The Supreme Court has regulated the placement of attorney trust and business accounts since 1967. It established New Jersey's IOLTA program as of March 1, 1988. On February 6, 2003, the Supreme Court adopted amendments to the Rules of Court that related to the operation of IOLTA (Income on Non-Interest Bearing Lawyers Trust Accounts). The amendments took effect on March 1, 2003.

At the same time the Court adopted the Rule amendments, it issued an Administrative Determination. In part, that Determination confirmed the responsibility of IOLTA's Trustees to develop and implement a standard that would establish a "reasonable return" for IOLTA accounts. The Court noted its concern that some financial institutions had very low rates of return on IOLTA accounts. It went on to state that it viewed "the IOLTA Fund as a banking customer and consumer in respect of the interest yield on pooled IOLTA accounts."

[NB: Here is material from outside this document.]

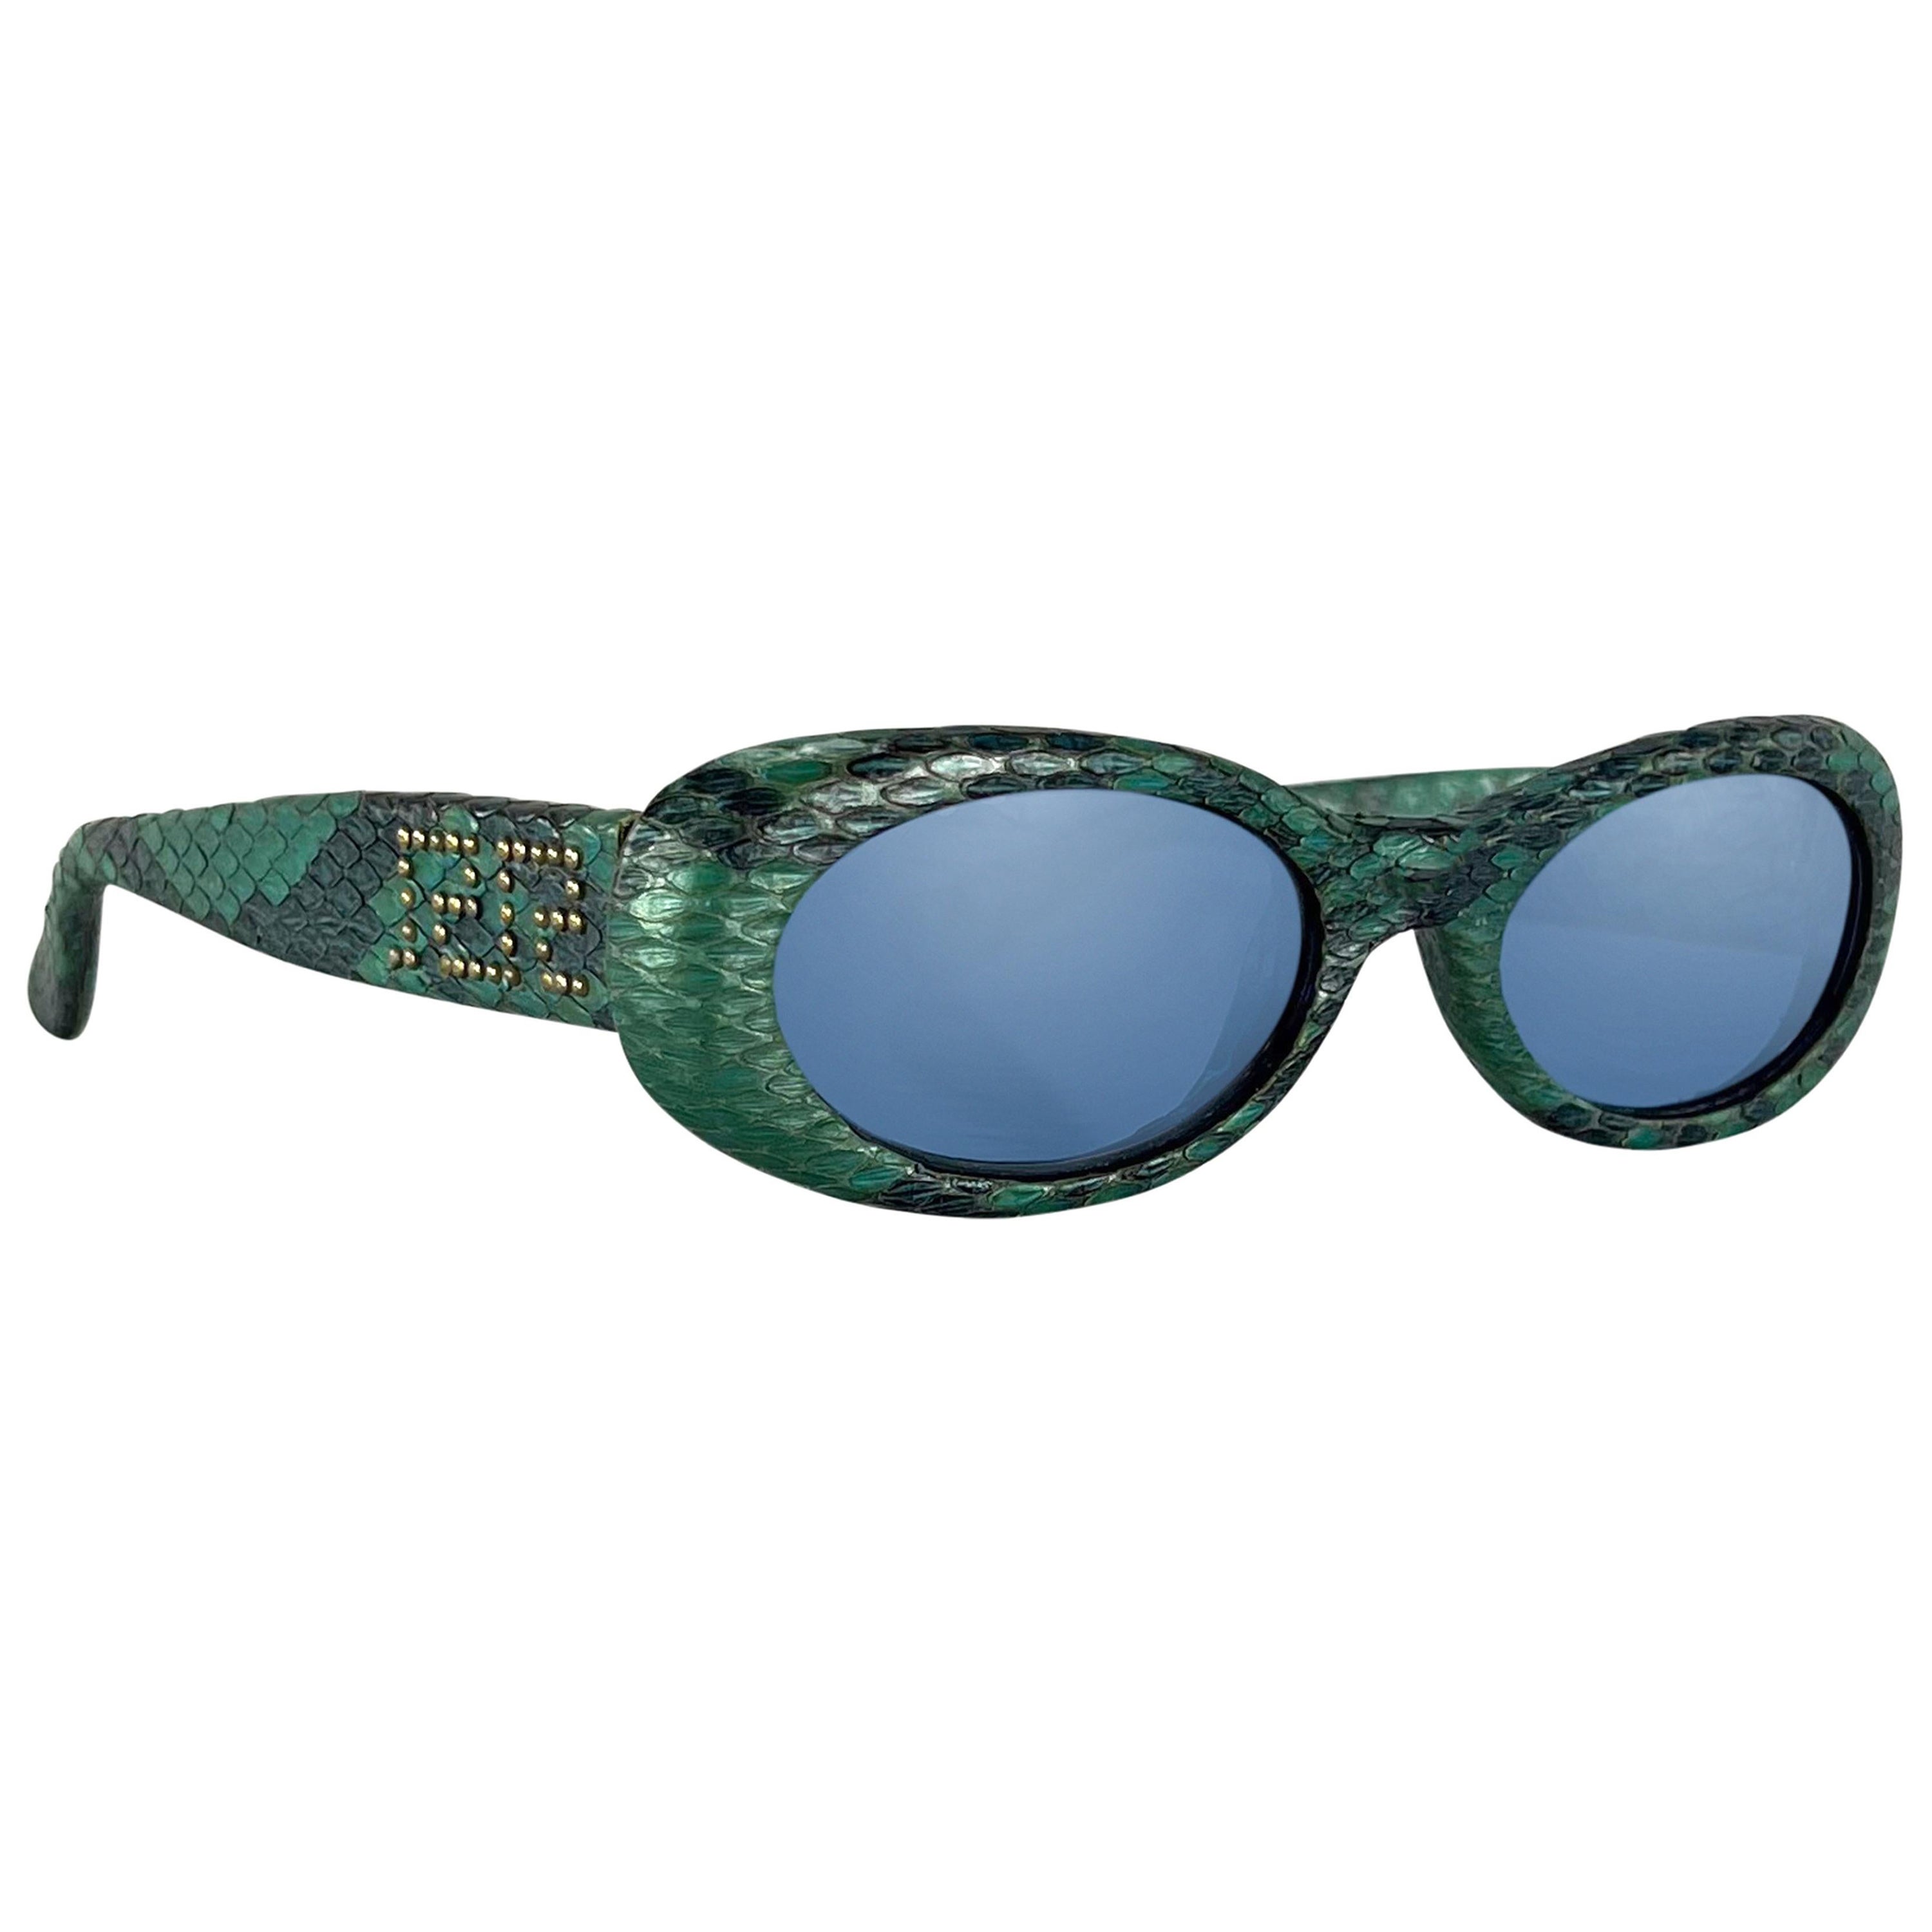 S/S 2000 Gianni Versace by Donatella Blue Genuine Python Oval Sunglasses For Sale

In February 2004, the Trustees of IOLTA reported to the Court that efforts to generate a reasonable return on pooled IOLTA accounts had been only partially successful. Quoting from their Court-approved Guidelines, the Trustees noted that the "net yield to IOLTA must provide a reasonable return, according to the standard established by the IOLTA Fund from time to time. Rates, therefore, must be both comparable and reasonable." After extensive analysis and consideration, the Trustees proposed a standard that would tie the net yield on IOLTA accounts to a percentage (75%) of the ninety-day Constant Maturity Treasury Rate (the "90-day CMT"). IOLTA received advice from bankers experienced with rate-setting and selling deposit products to bank customers. All agreed that the 90-day CMT would be relevant to deposit instrument pricing and easily used by banks that already may index their rates to Treasuries.

The Trustees proposed giving financial institutions up to one year to implement the new standard, starting the notification process with financial institutions that had had the poorest performance records in respect of IOLTA accounts. IOLTA's Trustees also generally described a deauthorization process that would be necessary for financial institutions that refused to meet the standard.

The Supreme Court approved the recommendations of the IOLTA Trustees. The Trustees immediately began the notification process, which took several months to complete.

In March 2005, the IOLTA Trustees filed a confidential report with the Court. The Trustees reported on comments IOLTA had received from banks and banking associations. They described the steps taken to implement the 90-day CMT standard and identified financial institutions that remain out of compliance. In addition, the Trustees proposed specific steps to be taken before the Court would formally deauthorize a non-compliant financial institution that had been approved under Rule 1:21-6(b). They noted that because not all banks had been given the one-year notice at the same time, the deauthorization process would be implemented over a period of several months.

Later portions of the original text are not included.